» **Source data**:
▬▬▬▬▬▬▬▬▬▬

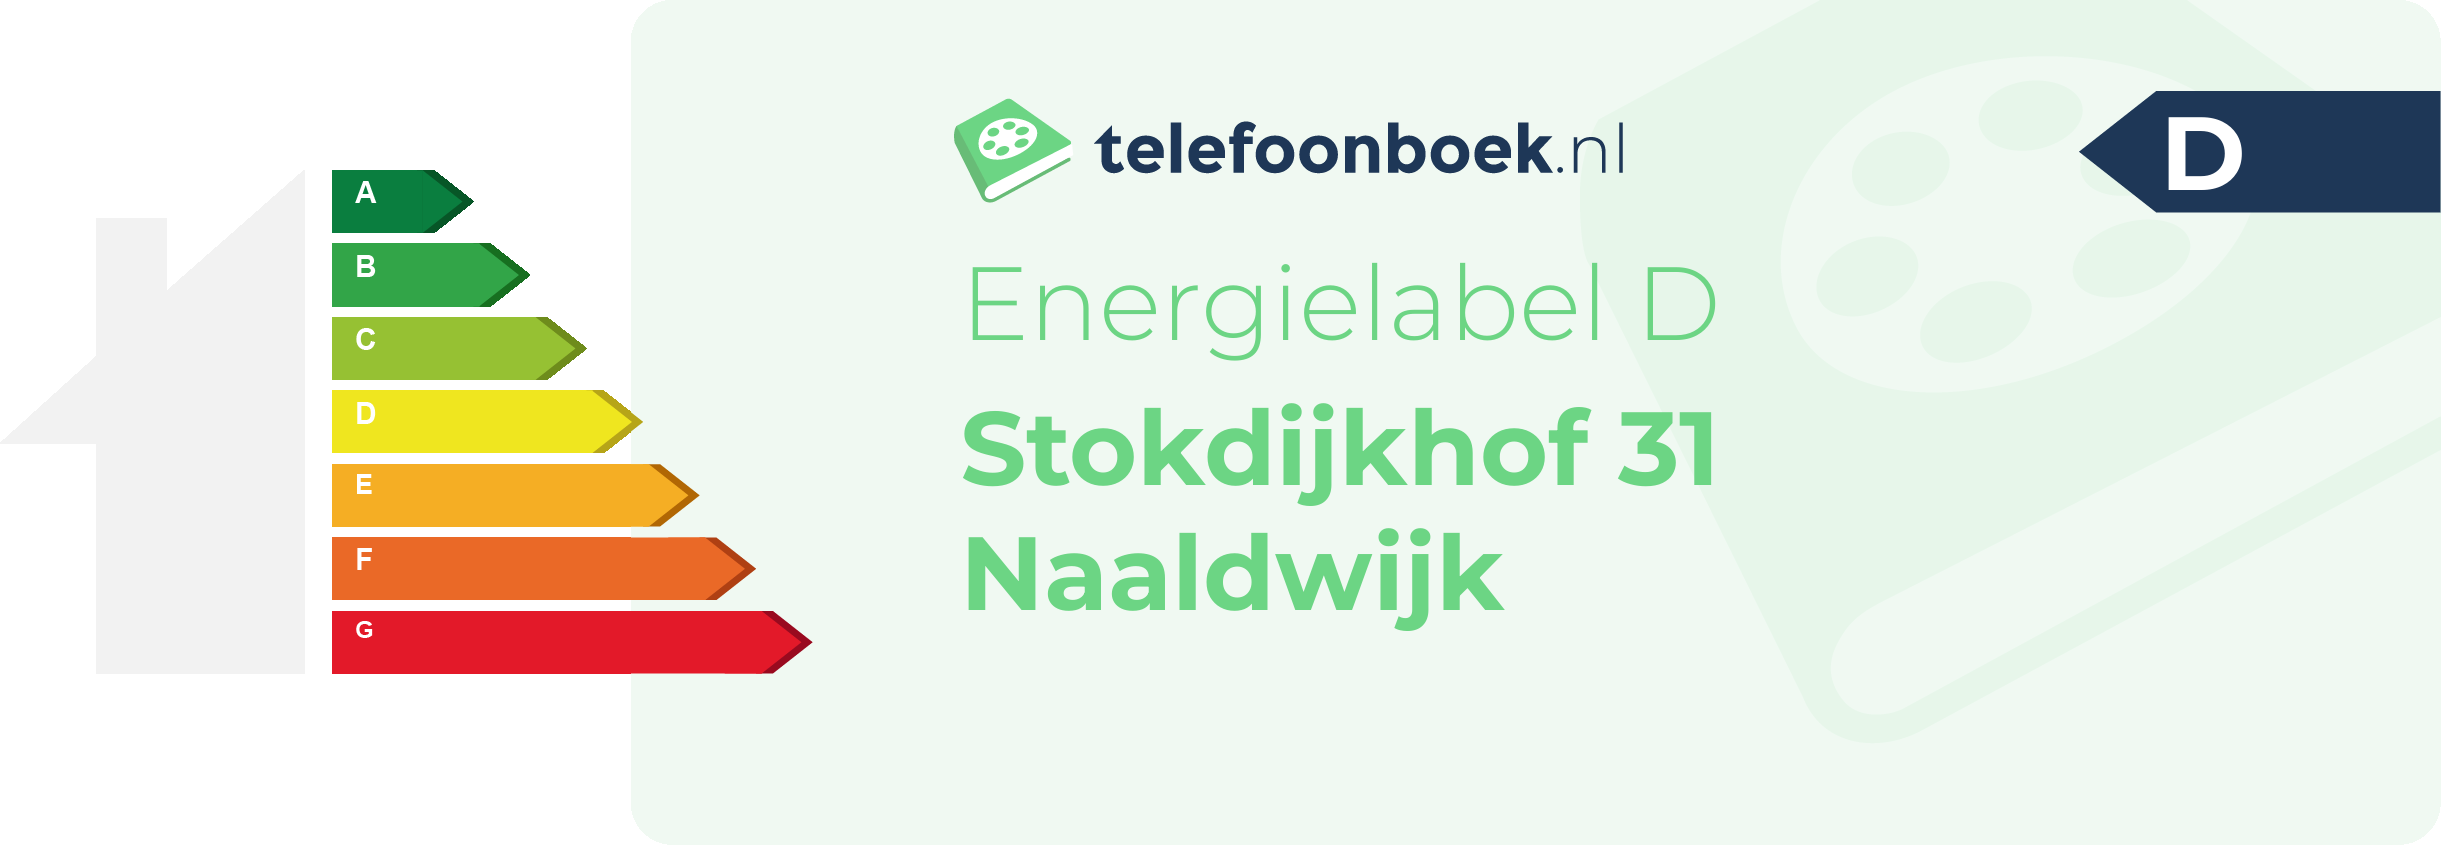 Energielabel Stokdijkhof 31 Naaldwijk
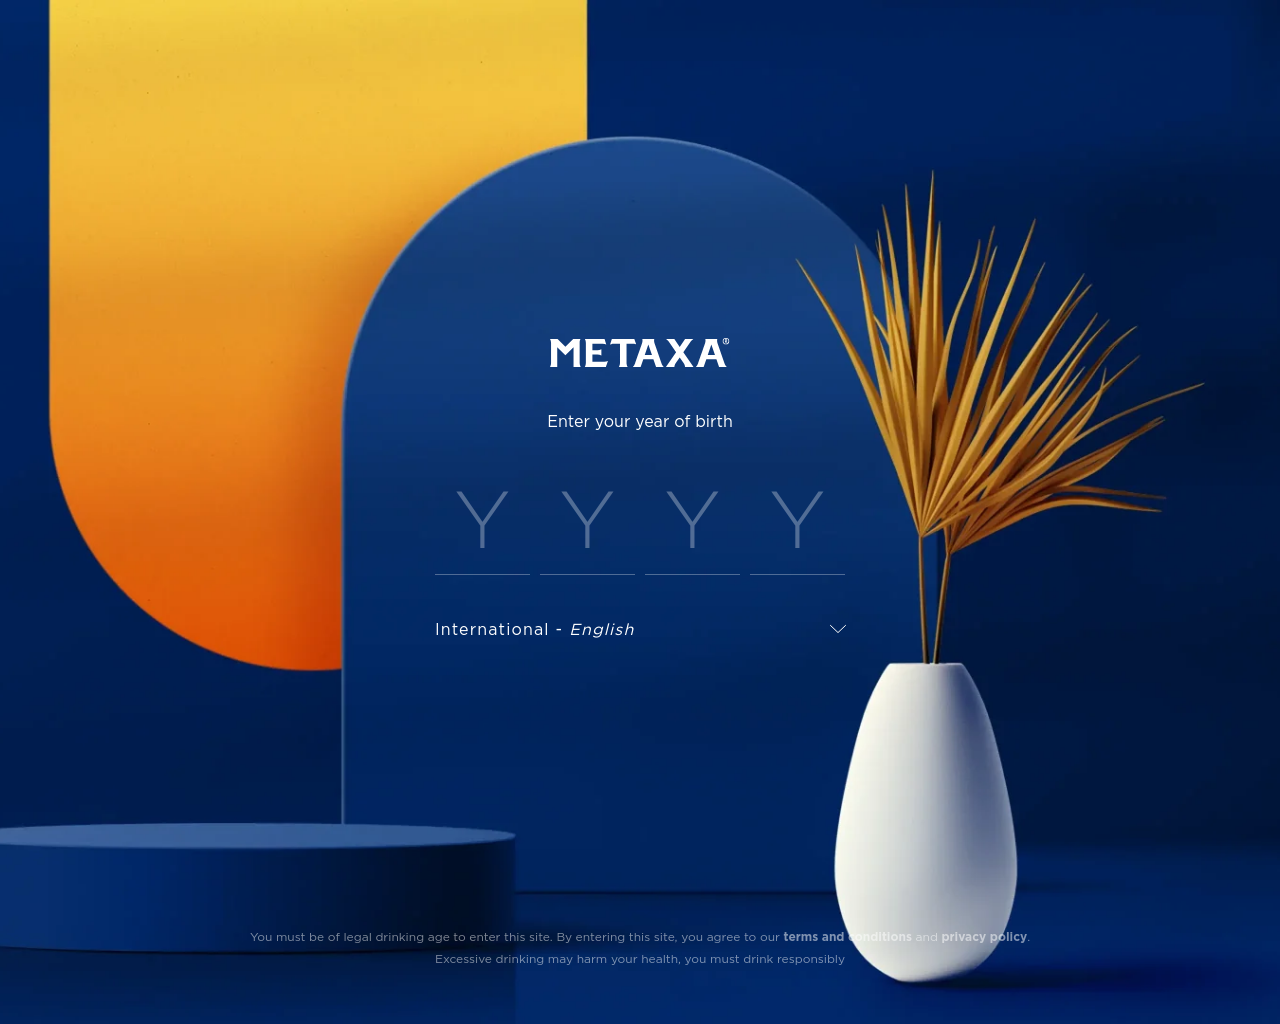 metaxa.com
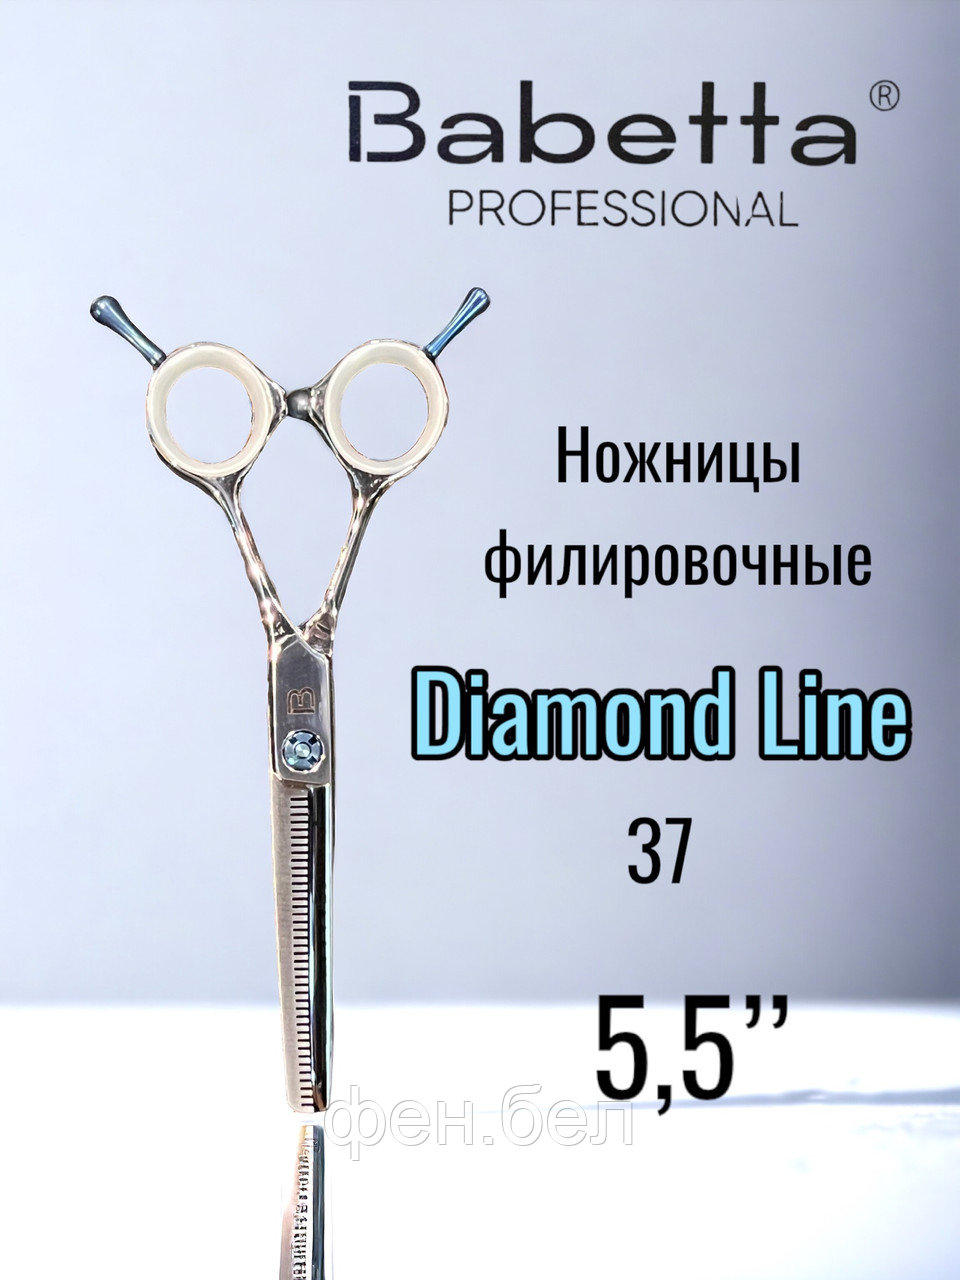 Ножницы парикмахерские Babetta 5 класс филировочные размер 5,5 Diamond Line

▬▬▬▬▬▬▬▬▬▬

» **What this task involves**:
Give the listing above again exactly, minus any images.

» **Answer to this problem**:
 Energielabel Stokdijkhof 31 Naaldwijk
 metaxa.com
 Ножницы парикмахерские Babetta 5 класс филировочные размер 5,5 Diamond Line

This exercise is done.